Is CIL an assembly language and JIT an assembler
The line is actually pretty blurry... the arguments I've seen against calling CIL
an "assembly language" can apply almost as well to x86
/x86-64
in practice.
Intel and AMD haven't made processors that execute assembly instructions exactly as emitted in decades (if ever), so even so-called "native" code is not much different from running on a virtual machine whose bytecode is specified in x86
/x86-64
.
x86
/x86-64
are the lowest-level thing typical developers have access to, so if we had to put our foot down and call something in our ecosystem an "assembly language", that would win, and since CIL
bytecode ultimately requires x86
/x86-64
instructions to be able to run on a processor in that family, then there's a pretty strong case to be made that it indeed doesn't "feel" like it should count.
So in a sense, maybe neither can be considered to be "assembly language". When referring to x86
/x86-64
processors, we almost never refer to processors that execute x86
/x86-64
without translating it into something else (i.e., whatever the microcode does).
To add in yet another wrinkle, the way in which an x86
/x86-64
processor executes a given sequence of instructions can change simply by updating the microcode. A quick search shows that Linux can even make it easy to do this yourself in software!
So I guess, here are criteria that can justify putting them in two separate categories:
- Does it matter that all current machines that run
CIL
bytecode are implemented in software? - Does it matter that the same hardware can interpret the same
x86
/x86-64
instructions in a different way after being instructed to do so in software? - Does it matter that we don't currently have a way of bypassing the microcode and issuing commands directly to the physical units of
x86
/x86-64
processors?
So regarding the "is CIL
an assembly language` question, the best answers I can give are "it depends" (for scientists) and "pretty much" (for engineers).
Assembly is made up of mnemonics for the machine code instructions of a particular processor. A direct representation of the 1s and 0s that make the core execute code, but written in text to make it easy on a human. Which is very unlike CIL:
- you can't buy a processor that executes CIL
- CIL doesn't target a specific processor, the jitter does
- CIL assumes a stack-based execution model, processors are primarily register based
- CIL code is optimized from its original form
- there is no one-to-one translation of a CIL instruction to a processor instruction
That last bullet is a key one, a design decision that makes CIL strongly different from bytecode is that CIL instructions are type-less. There is only one ADD instruction but processors have many versions of it. Specific ones that take byte, short, int, long, float and double operands. Required because different parts of the processor core are used to execute the add. The jitter picks the right one, based on the type of the operands it infers from previous CIL instructions.
Just like the + operator in the C# language, it also can work with different operand types. Which really make the L in CIL significant, it is a Language. A simple one, but it is only simple to help make it easy to write a jitter for it.
This question is all about definitions, so let's define the terms properly. First, assembly language:
Assembly language is a low-level programming language for computers, microprocessors, microcontrollers, and other programmable devices in which each statement corresponds to a single machine language instruction. An assembly language is specific to a certain computer architecture, in contrast to most high-level programming languages, which generally are portable to multiple systems.
Now, CIL:
Common Intermediate Language is the lowest-level human-readable programming language defined by the Common Language Infrastructure (CLI) specification and is used by the .NET Framework and Mono. Languages which target a CLI-compatible runtime environment compile to CIL, which is assembled into an object code that has a bytecode-style format.
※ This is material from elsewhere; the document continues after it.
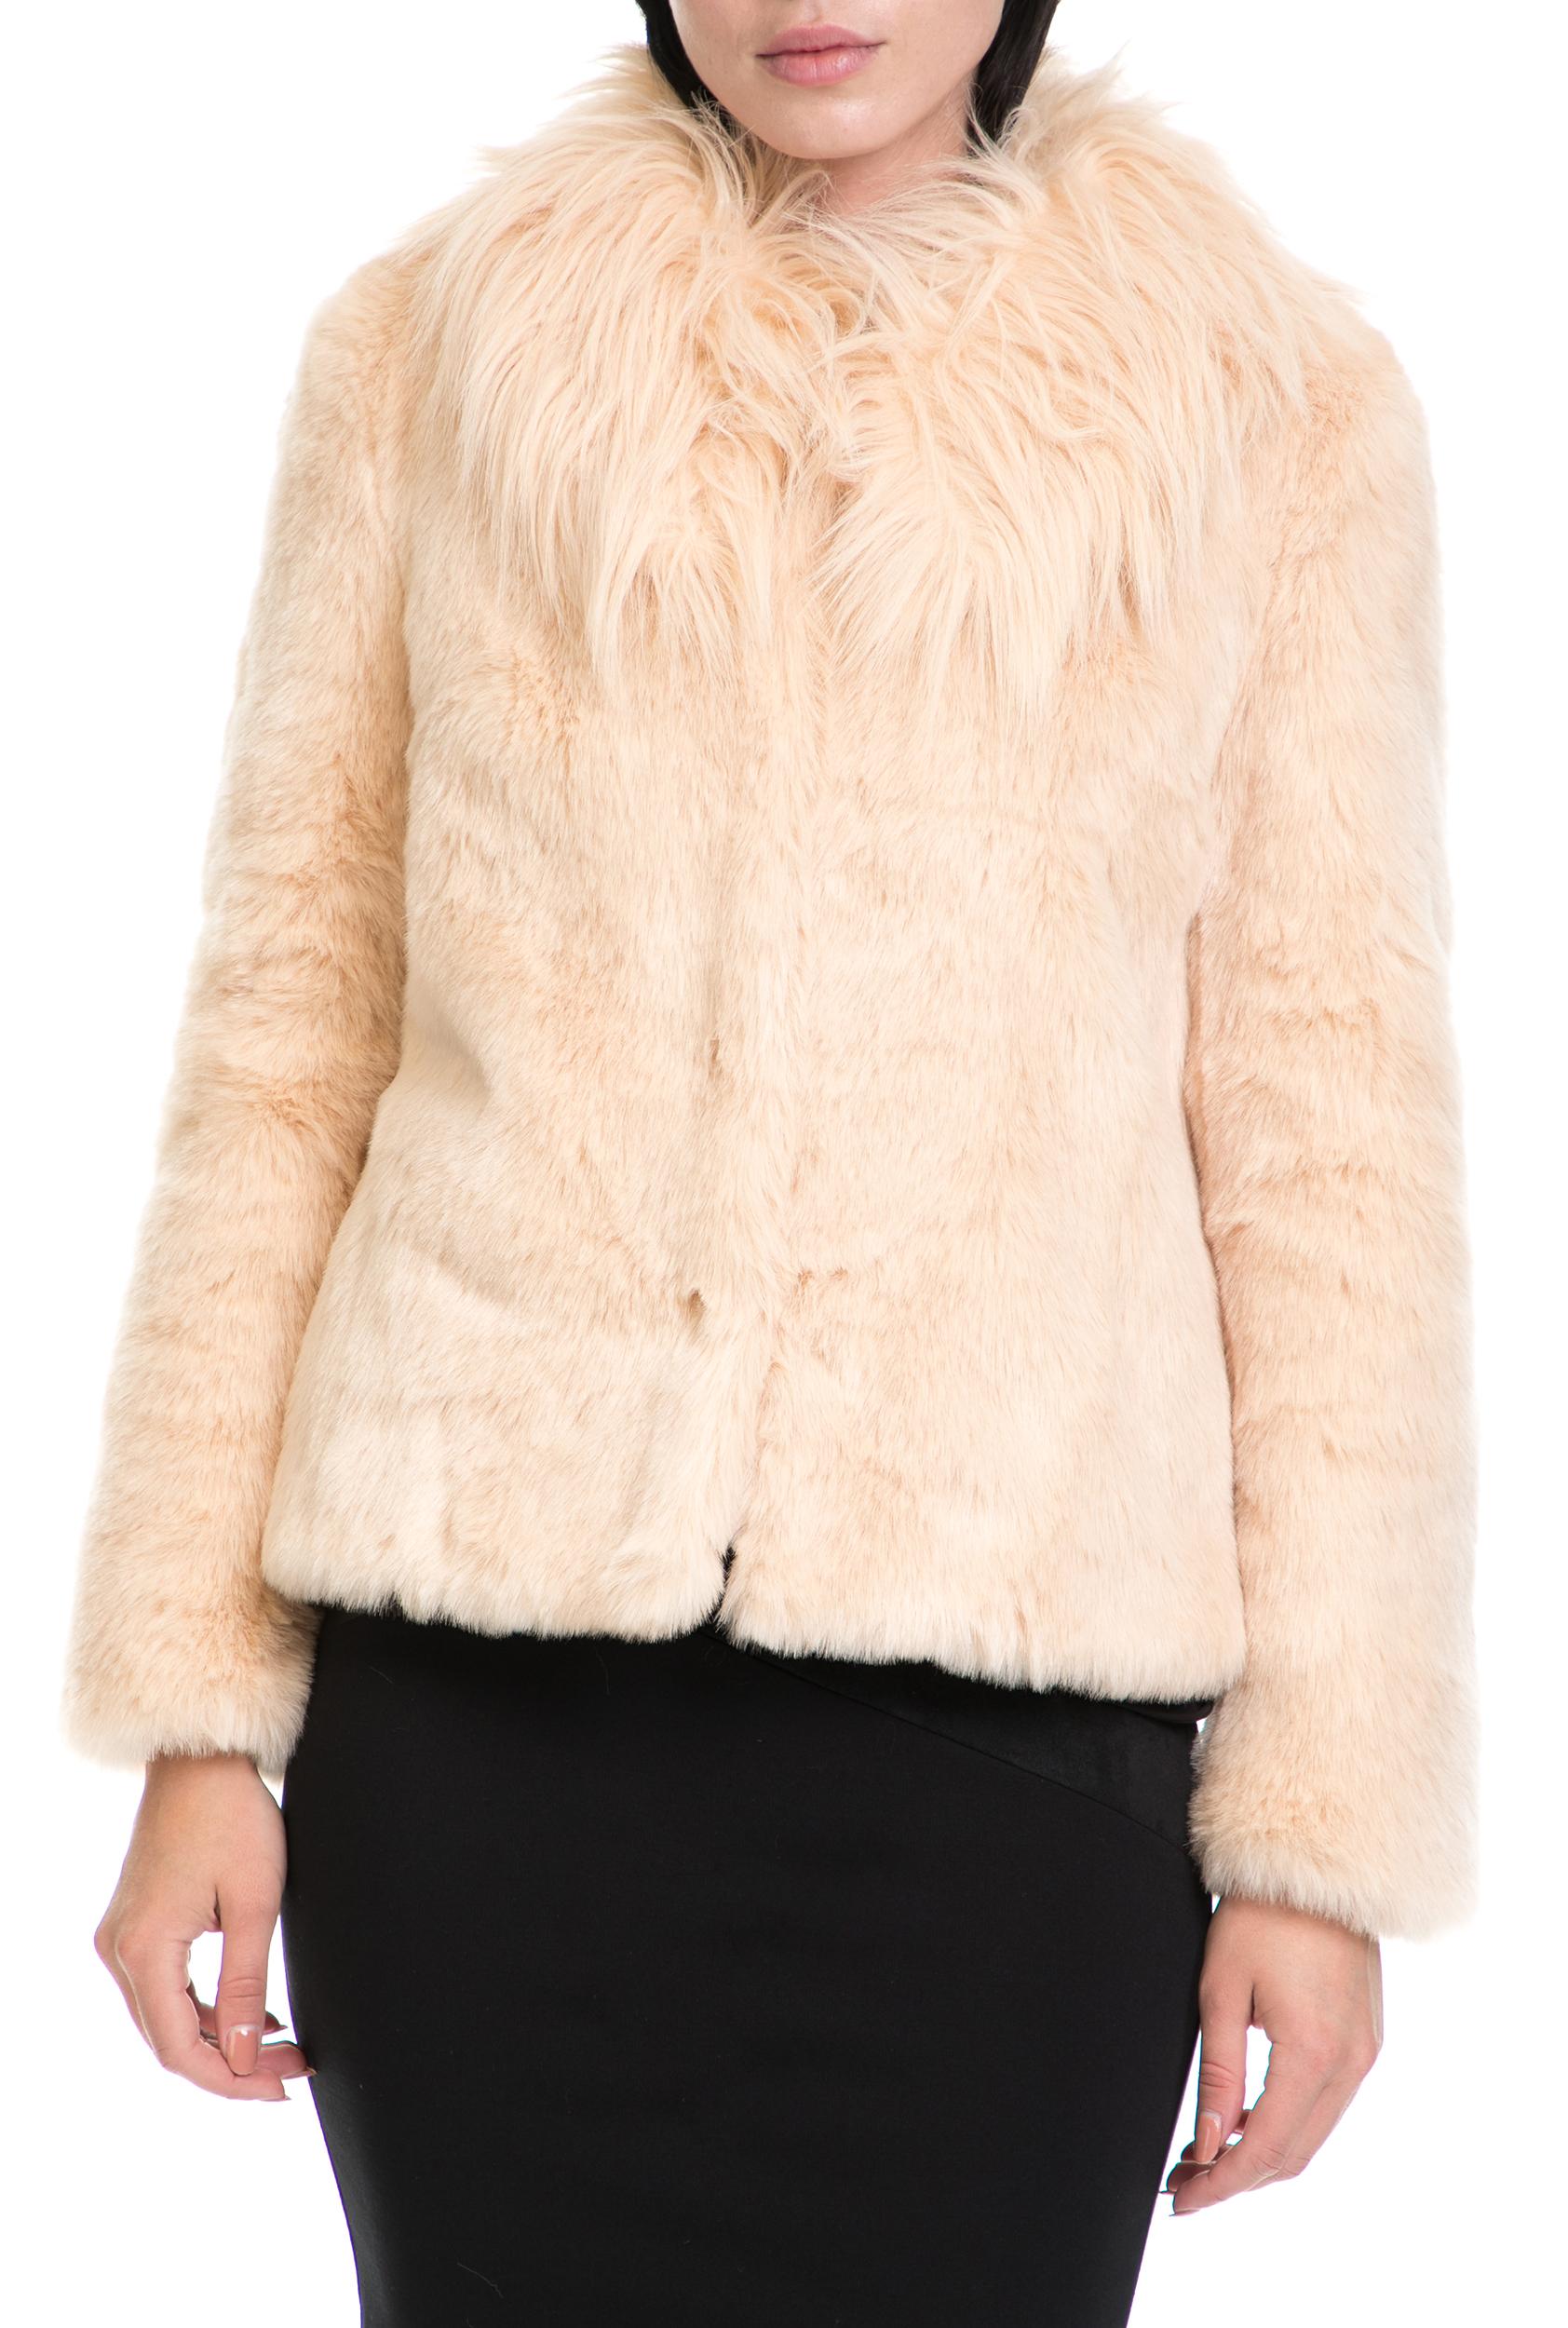 GUESS - Γυναικείο παλτό AGATA GUESS ροζ γυναικεία ρούχα πανωφόρια παλτό

Okay, this part is technically not correct: for example C# compiler compiles directly to the bytecode, it doesn't go through CIL (the human-readable language), but theoretically, we can imagine that's what's happening.
With these two definitions, CIL is an assembly language, because each statement in it is compiled down to a single bytecode instruction. The fact that there is no physical computer that can execute that bytecode directly doesn't matter.
The definition says that each assembly language is “specific to a certain computer architecture”. In this case, the architecture is the CLR virtual machine.
About JIT: the JIT compiler can't be considered an assembler: it doesn't do the 1:1 translation from human-readable form to bytecode, ilasm
does that.
The JIT compiler is an optimizing compiler that compiles from bytecode to native machine code (for whatever ISA / CPU it's running on), while making optimizations.